The Jason Jacques Gallery announces the opening of Spring Dance, a joint exhibition featuring new work of Michael Geertsen and John Souter. Each artist expands the limits of the ceramic medium and the preconceptions and connotative biases with which it is viewed. There will be a reception for the artists on April 4, from 6 to 8pm and the exhibition will be on view at 29 East 73rd Street through April 26th.
Michael Geertsen, a Danish sculptor, is known through his works’ interrogation of the cultural and artistic places that ceramic inhabits, as well as its position in the future. His work is assemblages of thrown, cut, and rearranged forms that are glazed in striking, bright colors, and placed in exacting positions. They exist in a world between still life and sculpture, on the cusp between imagined utility and brokenness. His intention is not to copy nor imitate, rather “to quote the proportions and form of the vase.” Geertsen inverts all of the aspects of a ceramic object that seem to signify functionality— a rim, a leg, a handle— and in doing so reminds the viewer both of the medium’s origins in necessity and its boundless potential.
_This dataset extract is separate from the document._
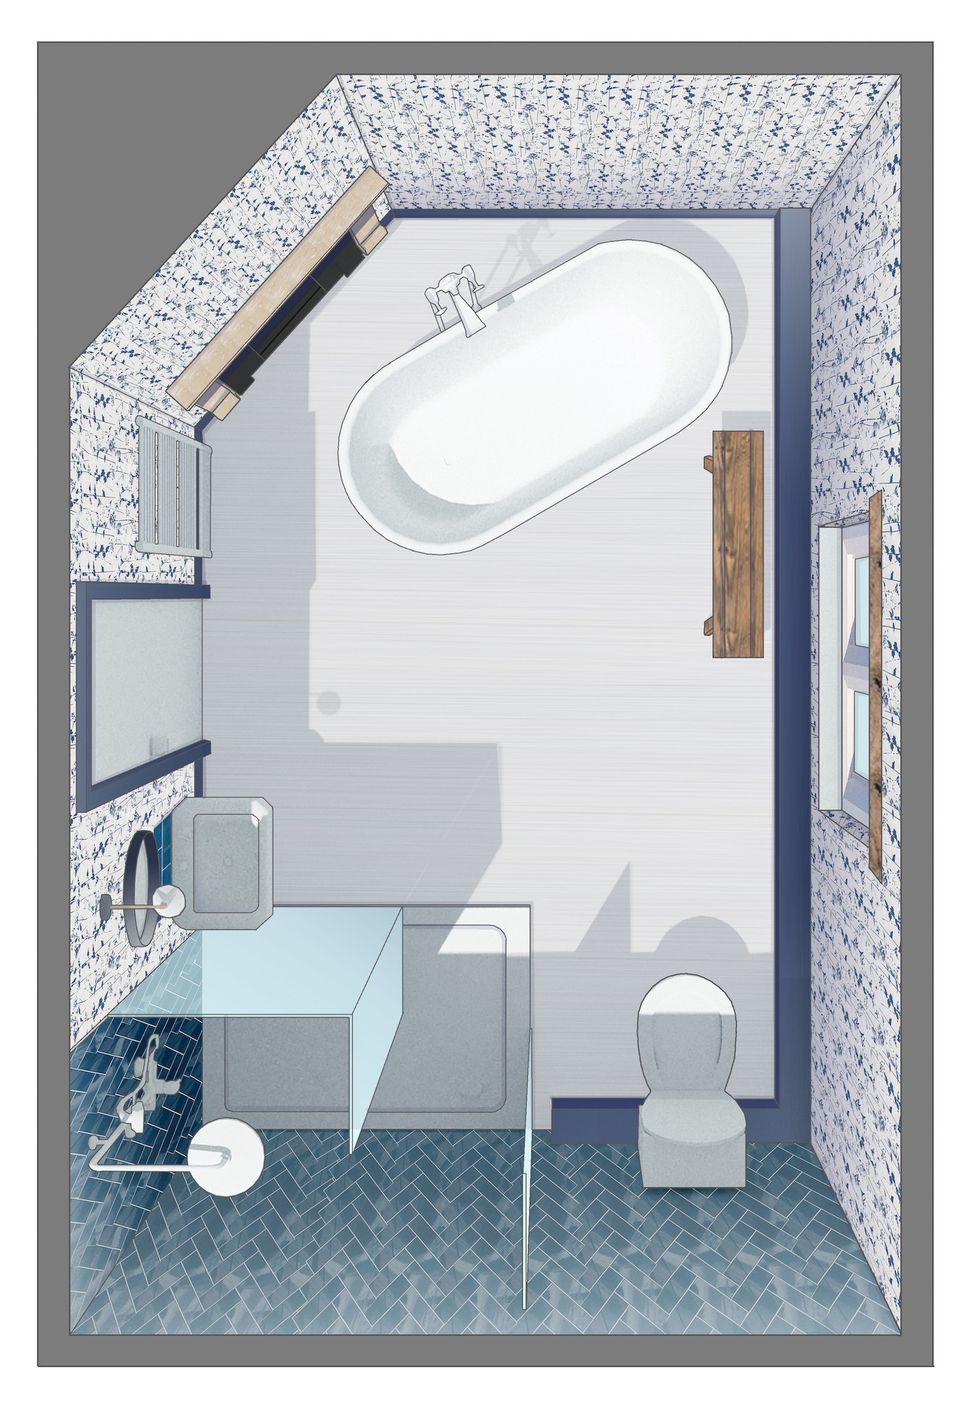 Bathroom plan, Emma Gordon, Halifax

John Souter, an American visual artist working in Philadelphia, used mixed-media, rich texture, and vibrant hues in his work to push past notions of purity and to present ceramic as a versatile material in dialogue with other mediums. Beyond the formal qualities of his abstract-figurations, Souter’s works question not only the boundaries of clay but of sculpture itself. They stand on their own plinths and pedestals, or contain themselves within cases, blurring the boundary between the whimsy of the art object and the pragmatism of display. Drawn to observation and reflection, Souter deals with issues of origin and being, asking “When does a thing die? When is a thing born? At what point does one transition into another to become a thing that is stuck in innocent gesture?”
Spring Dance is a part of the Jason Jacques Gallery contemporary program and its larger dedication to showing works in its historic East Side location in ongoing dialogue between past and present.